Task instructions:
Without changing a word, copy every line of the listing below and leave out the images.

Material provided:
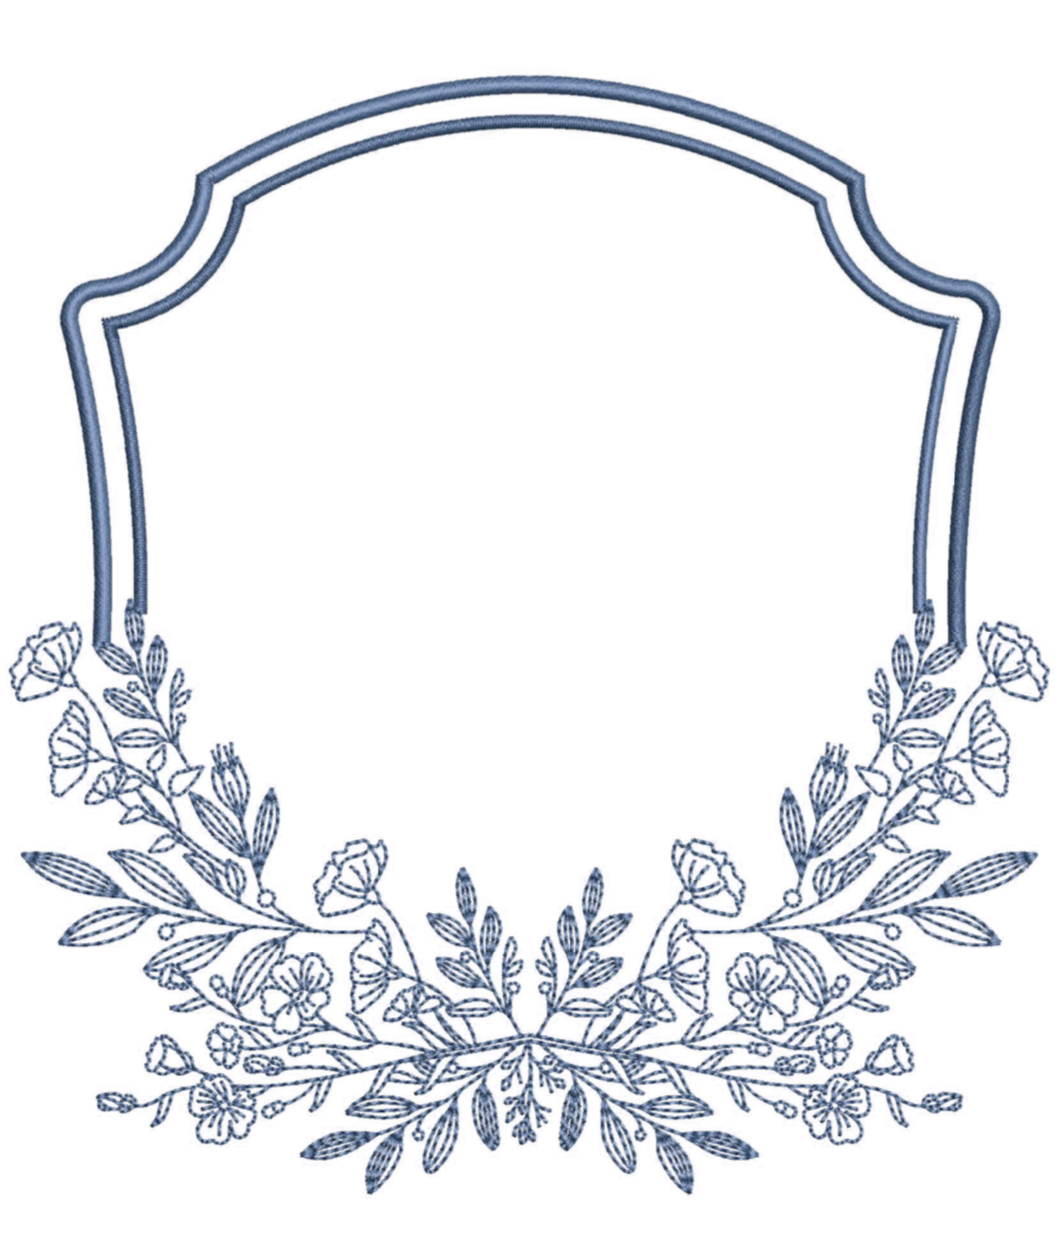 Carolina Crest for Embroidery
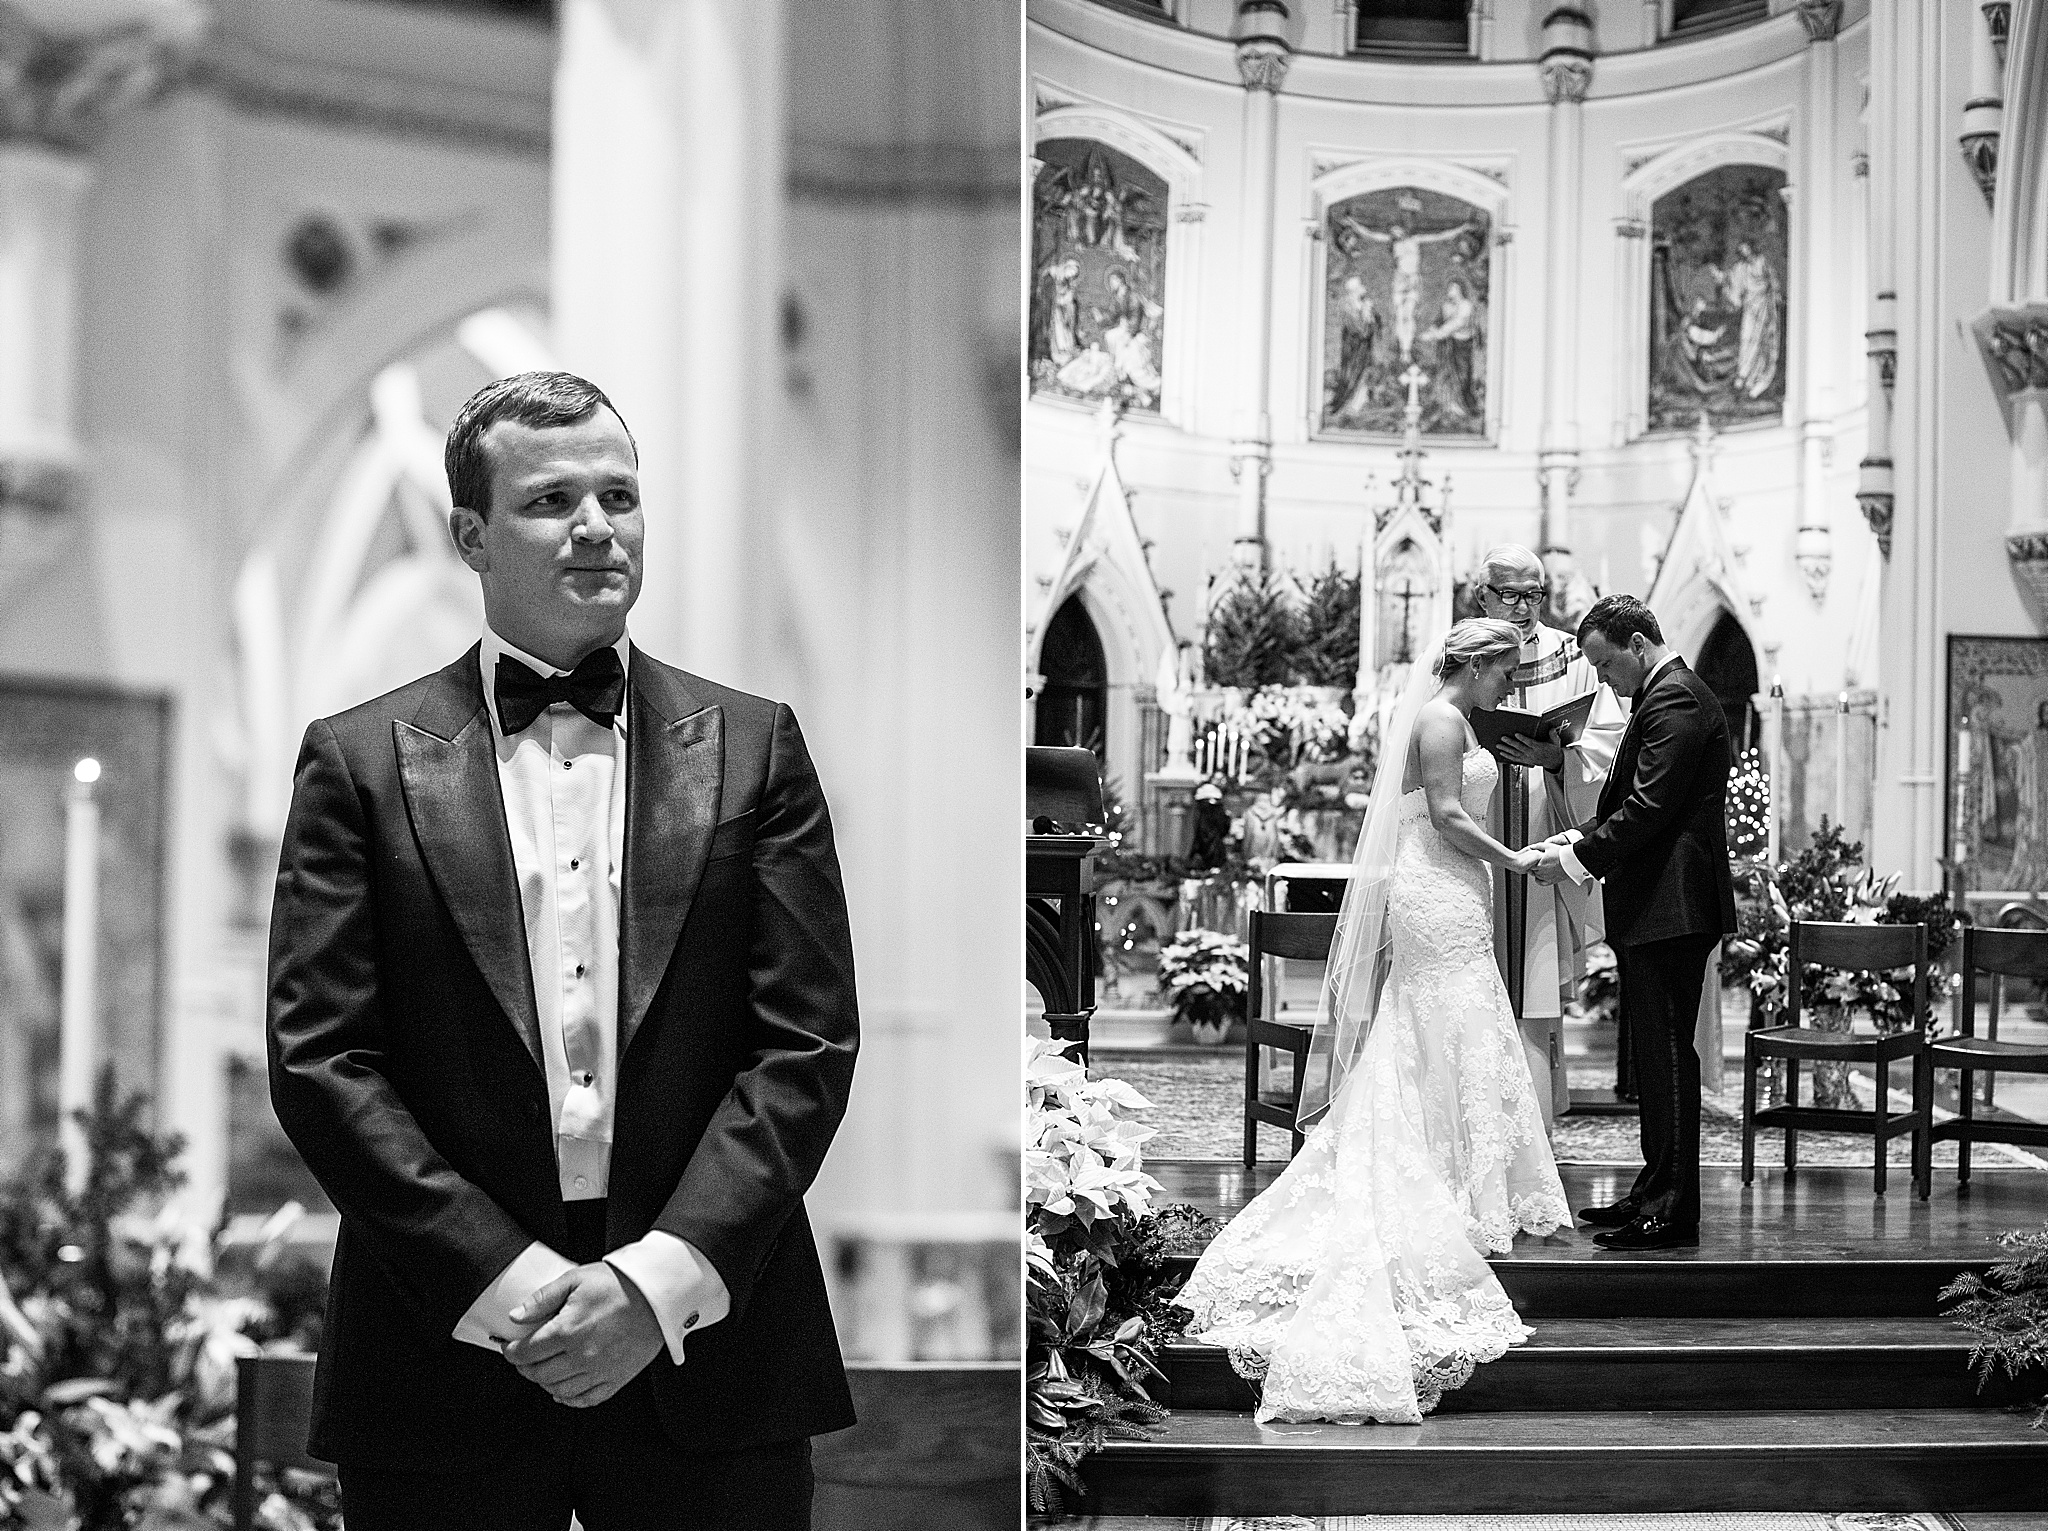 Corpus Christi wedding ceremony photographed by Alexandra Mandato Photography
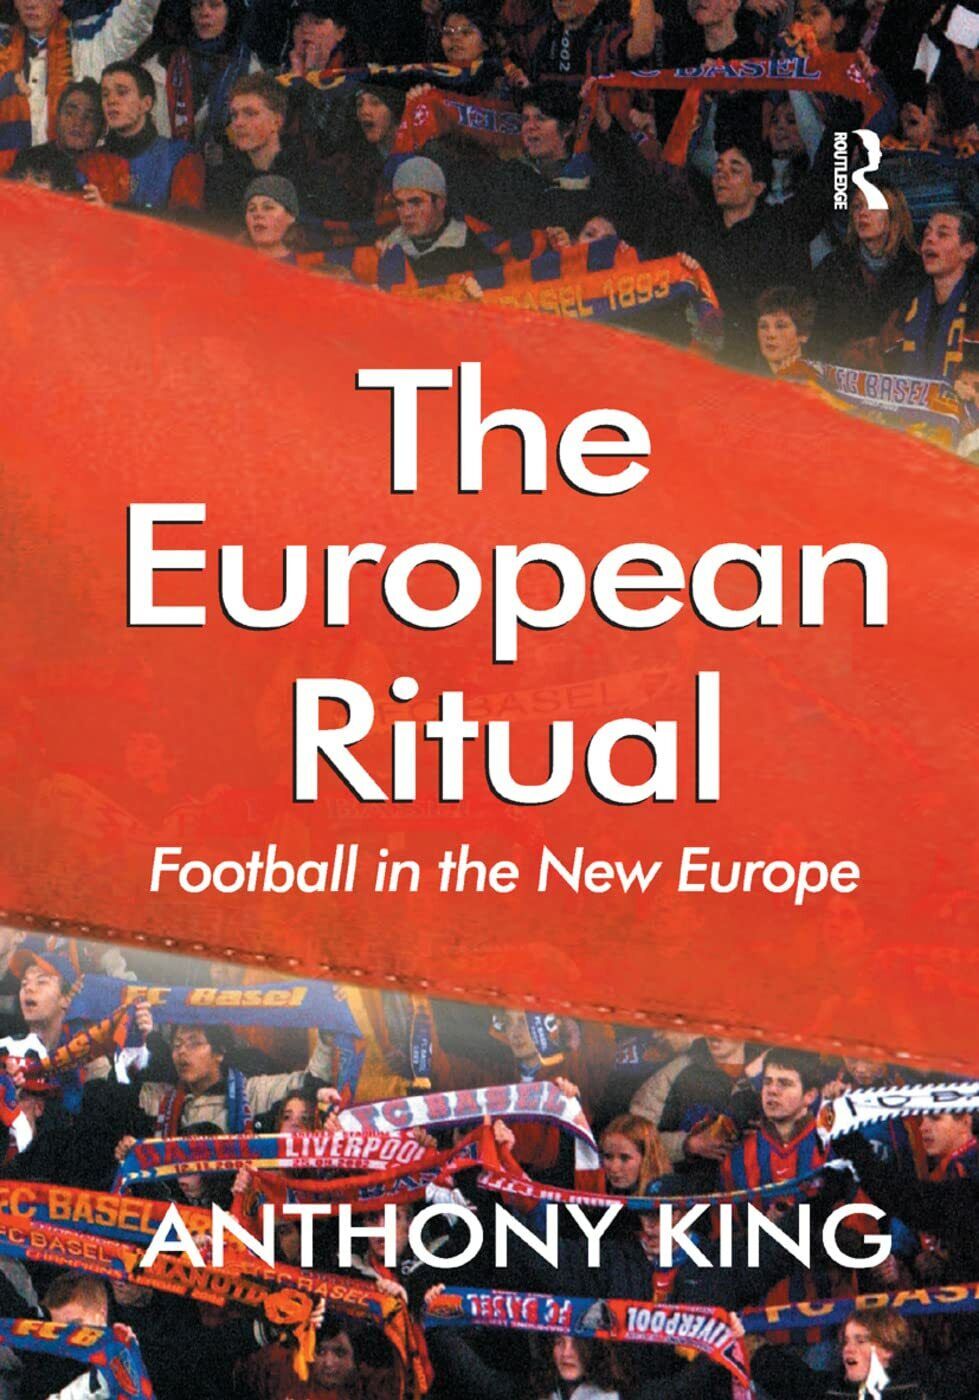 The European Ritual - Anthony King - Routledge, 2019

Finished task:
 Carolina Crest for Embroidery
 Corpus Christi wedding ceremony photographed by Alexandra Mandato Photography
 The European Ritual - Anthony King - Routledge, 2019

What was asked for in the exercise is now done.